- Conference: Big Ten Conference
- Record: 5–3 (3–2 Big Ten)
- Head coach: Harry Stuhldreher (3rd season);
- MVP: Howard Weiss
- Captain: Ralph Moeller
- Home stadium: Camp Randall Stadium

= 1938 Wisconsin Badgers football team =

American college football season

The 1938 Wisconsin Badgers football team was an American football team that represented the University of Wisconsin in the 1938 Big Ten Conference football season. The team compiled a 5–3 record (3–2 against conference opponents) and finished in fifth place in the Big Ten Conference. Harry Stuhldreher was in his third year as Wisconsin's head coach.

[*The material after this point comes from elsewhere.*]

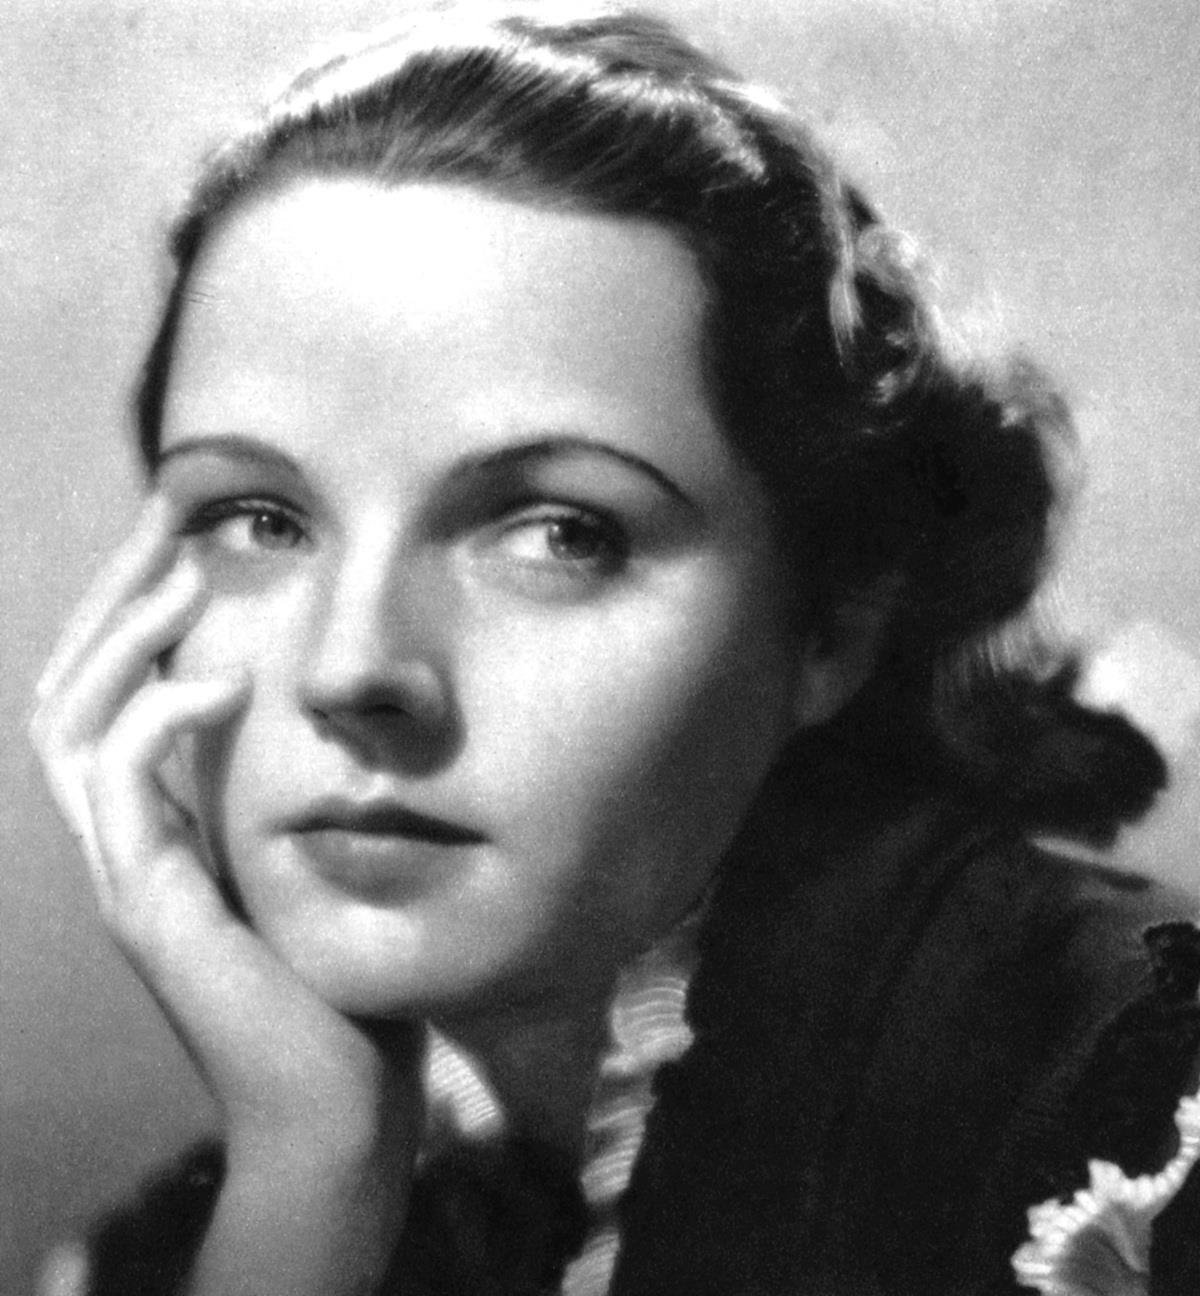 <p>Jane Wyatt, who played Margaret Anderson, didn't start her acting career on TV. Her first job was on Broadway, as an understudy for actress Rose Hobart. Wyatt received favorable reviews for her understated beauty. Eventually, she transitioned to Universal Pictures. </p> <p>In 1934, Wyatt debuted in her first TV role in <i>One More River. </i>Three years later, she acted in Frank Capra's<i> Lost Horizon. </i>Before Wyatt joined the show Father Knows Best in 1954, she performed in <i>None but the Lonely Heart, Gentleman's Agreement, Boomerang, Task Force</i>, and <i>House by the River</i>.</p>

Fullback Howard Weiss was selected by the International News Service as a first-team player on the 1938 College Football All-America Team. He also won the Chicago Tribune Silver Football as the most valuable player in the Big Ten. He also finished sixth in the voting for the Heisman Trophy and was also selected as Wisconsin's most valuable player. Ralph Moeller was the team captain. Howard Weiss and center Jack Murray were selected by the Associated Press and United Press as first-team players on the 1938 All-Big Ten Conference football team.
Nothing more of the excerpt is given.